Em 60, Angelina ganha ponto

Ribeirão Preto, 1960. O prefeito Alfredo Condeixa Filho ajeita-se na principal cadeira do Palácio Rio Branco para cumprir seu segundo mandato. Logo na primeira semana depois da posse, o casal Joaquim Cinco e Angelina Marchini Cinco é autorizado a montar um ponto de garapa ao lado da Prefeitura.

“Fiquem tranquilos. Ninguém vai tirá-los daqui”, sentenciou Condeixa.

Dona Angelina, 84 anos, lembra que onde hoje é o Fórum, existia um grande matagal. Atrás da rua General Osório, seguindo pelos lados de onde fica o Cine Cauim, estendia-se uma espécie de favela, de construções feias e rudes.

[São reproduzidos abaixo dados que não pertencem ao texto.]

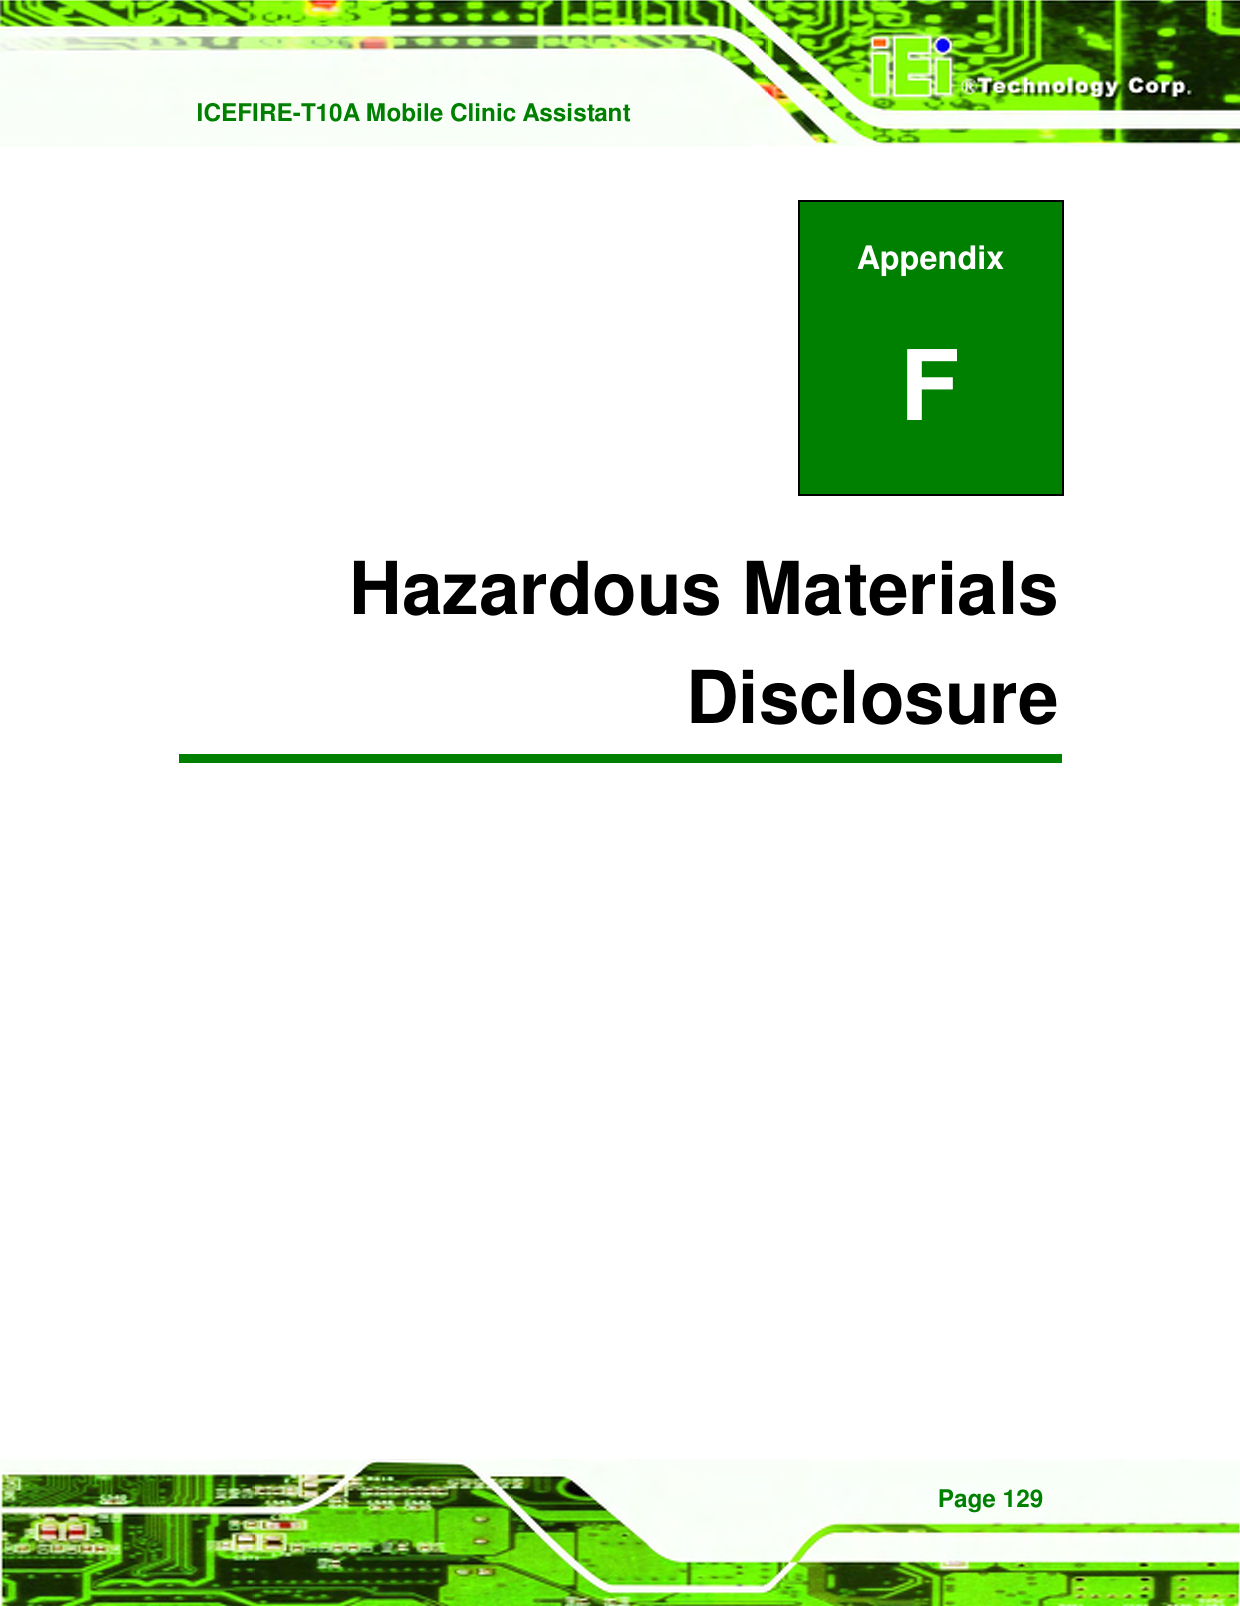   ICEFIRE-T10A Mobile Clinic Assistant Page 129 Appendix F F Hazardous Materials Disclosure 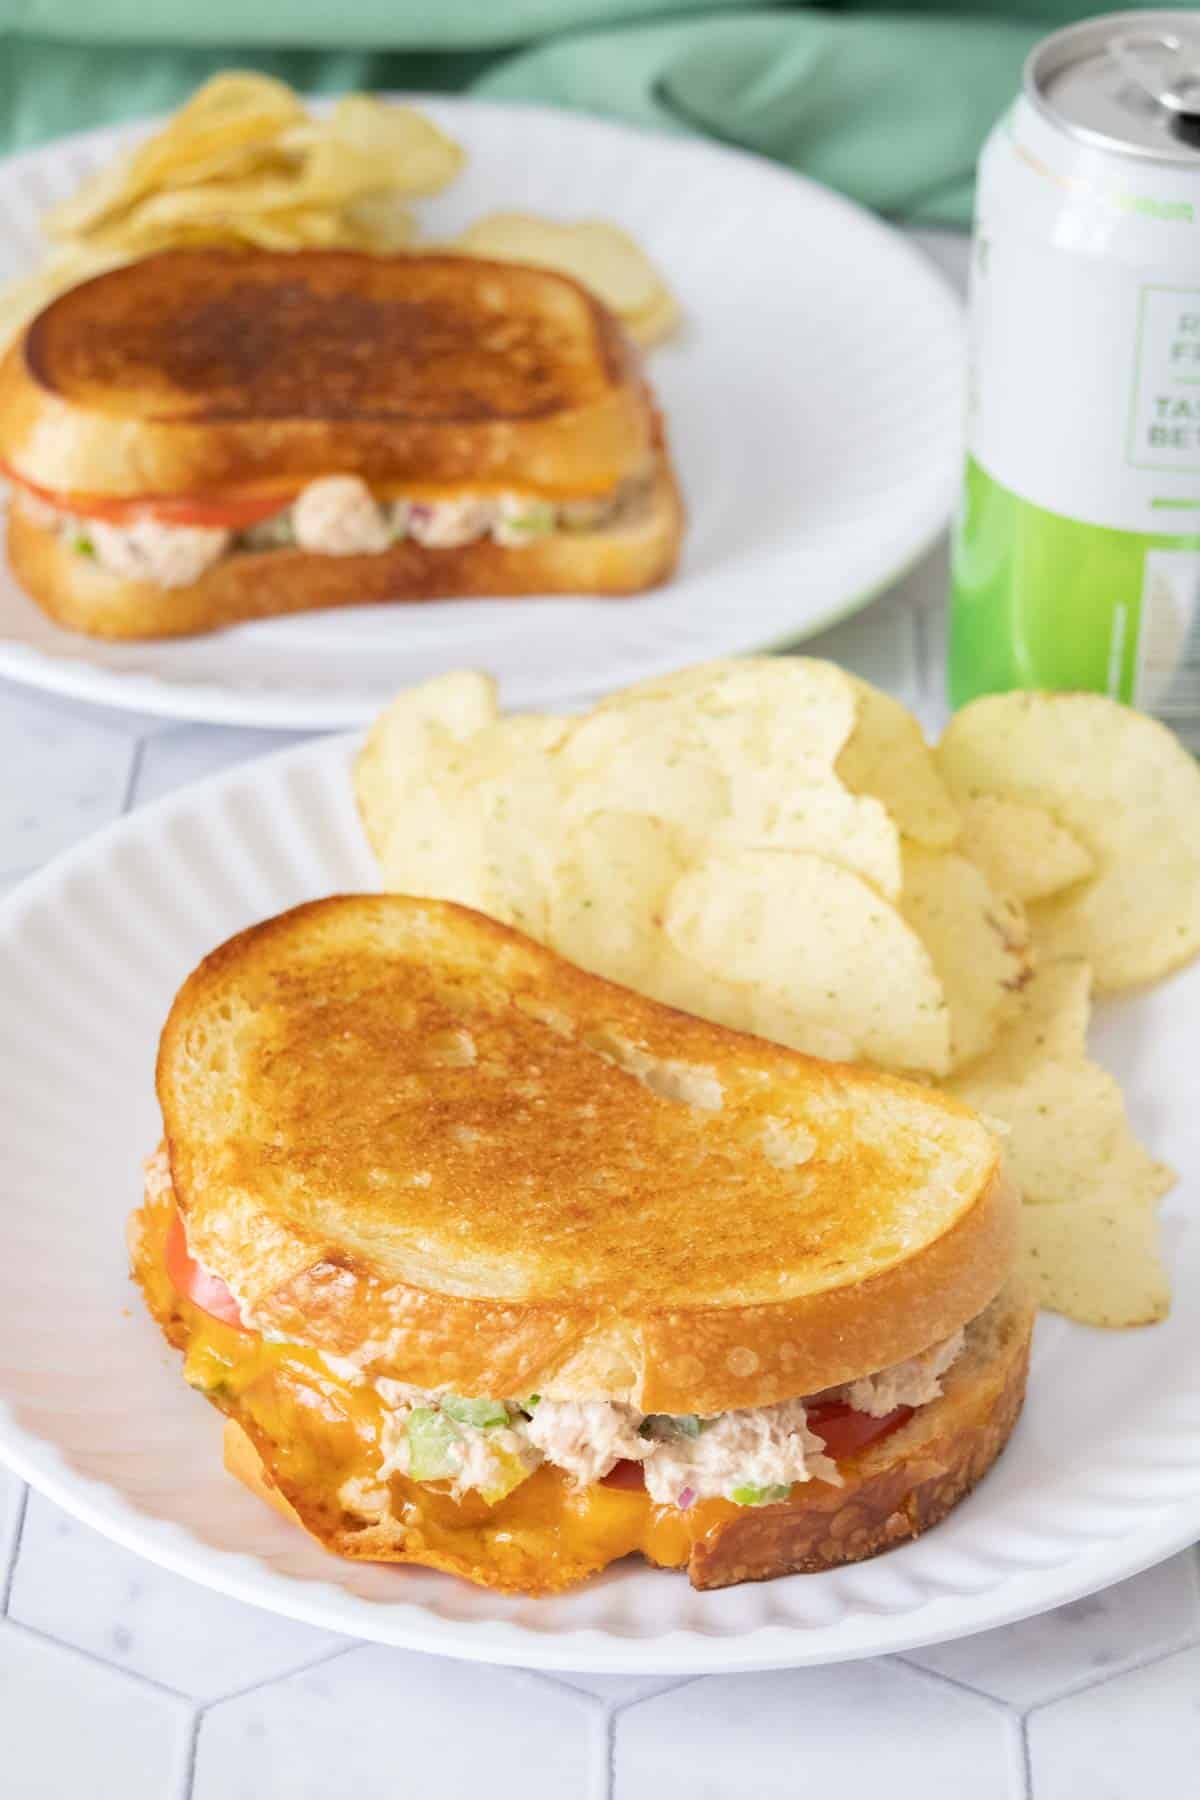 Tuna melt sandwich on white plate with potato chips beside.

Havia algumas pensões de “reputação” duvidosa. As ruas eram calçadas ou de terra.

Há 53 anos no mesmo ponto

Dona Evangelina, a garapeira mais antiga em atividade, em Ribeirão Preto, está há 53 anos no mesmo lugar, na praça Rio Branco, esquina da General Osório com a Cerqueira César.

Durante 36 anos, simultâneamente, também atendeu na Feira Livre 1, na avenida Independência, aos domingos, extinta na administração do prefeito João Gilberto Sampaio.

No seu “ponto” de origem, iniciava a jornada às 9h e encerrava às 17h30. Como hoje. A grande diferença é que Joaquim Cinco não existe mais. Faleceu há 12 anos.

O Studebaker que abriga a moenda de dona Angelina, é de 1951 e está há 42 anos com ela. A moenda também é uma raridade. Foi doada a Joaquim Cinco, pelo garapeiro João Perone, que já estava estabelecido.

João Perone, a partir de 1955, assumiu o “ponto” na Álvares Cabral com Florêncio de Abreu, em frente à mansão de Joaquim Pinto Ferraz, onde ficou 18 anos.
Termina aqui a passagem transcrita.